Please provide the following information when requesting support.
• Hardware (RTX 3080)
• Network Type (Classification)
• TLT Version (Configuration of the TAO Toolkit Instance
dockers: [‘nvidia/tao/tao-toolkit-tf’, ‘nvidia/tao/tao-toolkit-pyt’, ‘nvidia/tao/tao-toolkit-lm’]
format_version: 2.0
toolkit_version: 3.22.05
published_date: 05/25/2022
)
• Training spec file(model_config {
Model Architecture can be chosen from:
[‘resnet’, ‘vgg’, ‘googlenet’, ‘alexnet’]
arch: “resnet”
for resnet → n_layers can be [10, 18, 50]
n_layers: 50
use_batch_norm: True
use_bias: False
all_projections: False
use_pooling: True
retain_head: False
resize_interpolation_method: BILINEAR
image size can be “3, X, Y”, where X,Y >= 16
input_image_size: “3,2000,700”
}
train_config {
train_dataset_path: “/home/peter/TAO_toolkit/data/train”
val_dataset_path: “/home/peter/TAO_toolkit/data/val”
pretrained_model_path: “/home/peter/TAO_toolkit/models” # resnet_50 not in the right format yet
Only [‘sgd’, ‘adam’] are supported for optimizer
optimizer {
adam {
lr: 0.01
decay: 0.0
momentum: 0.9
nesterov: False
}
}
batch_size_per_gpu: 10
n_epochs: 150
Number of CPU cores for loading data
n_workers: 1
regularizer
reg_config {
# regularizer type can be “L1”, “L2” or “None”.
type: “L2”
# if the type is not “None”,
# scope can be either “Conv2D” or “Dense” or both.
scope: “Conv2D,Dense”
# 0 < weight decay < 1
weight_decay: 0.000015
}
learning_rate
lr_config {
cosine {
learning_rate: 0.03
soft_start: 0.0
}
}
enable_random_crop: True
enable_center_crop: True
enable_color_augmentation: False
mixup_alpha: 0.1
label_smoothing: 0.1
preprocess_mode: “torch”
image_mean {
key: ‘b’
value:
}
image_mean {
key: ‘g’
value:
}
image_mean {
key: ‘r’
value:
}
}
eval_config {
eval_dataset_path: “/home/peter/TAO_toolkit/data/test”
model_path: “/workspace/tao-experiments/classification/weights/resnet_50.tao”
top_k: 1
batch_size: 20
n_workers: 1
enable_center_crop: True
)
• How to reproduce the issue ? (This is for errors.
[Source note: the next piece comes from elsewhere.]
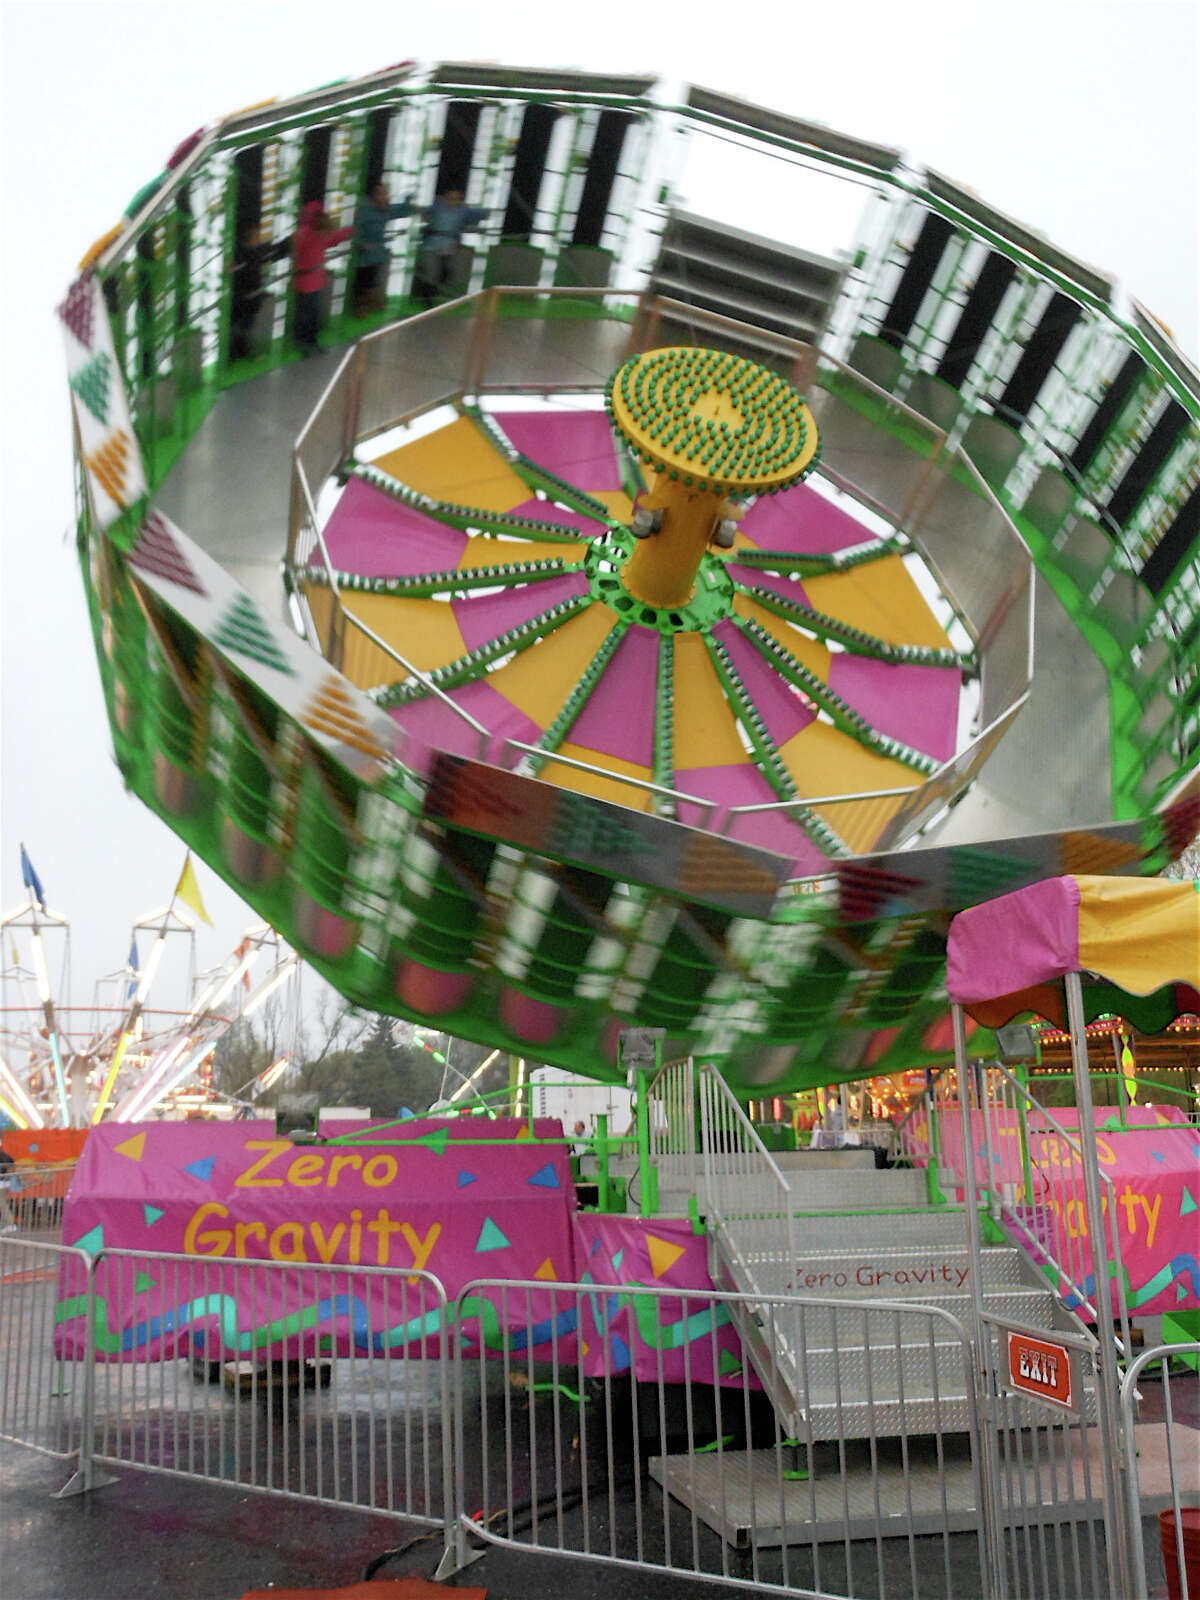 McKinley carnival awash in fun despite damp opening

Please share the command line and the detailed log here.)
Hi there.
I have seen the earlier 'tlt-prune: error and the suggested solution was to place "enc_key: ‘abcdef’ in the spec file, where ‘abcdef’ is my ngc API key. This is not mentioned in:
Image Classification — TAO Toolkit 3.22.05 documentation.
Where should this line be placed in the Training spec file(model_config file?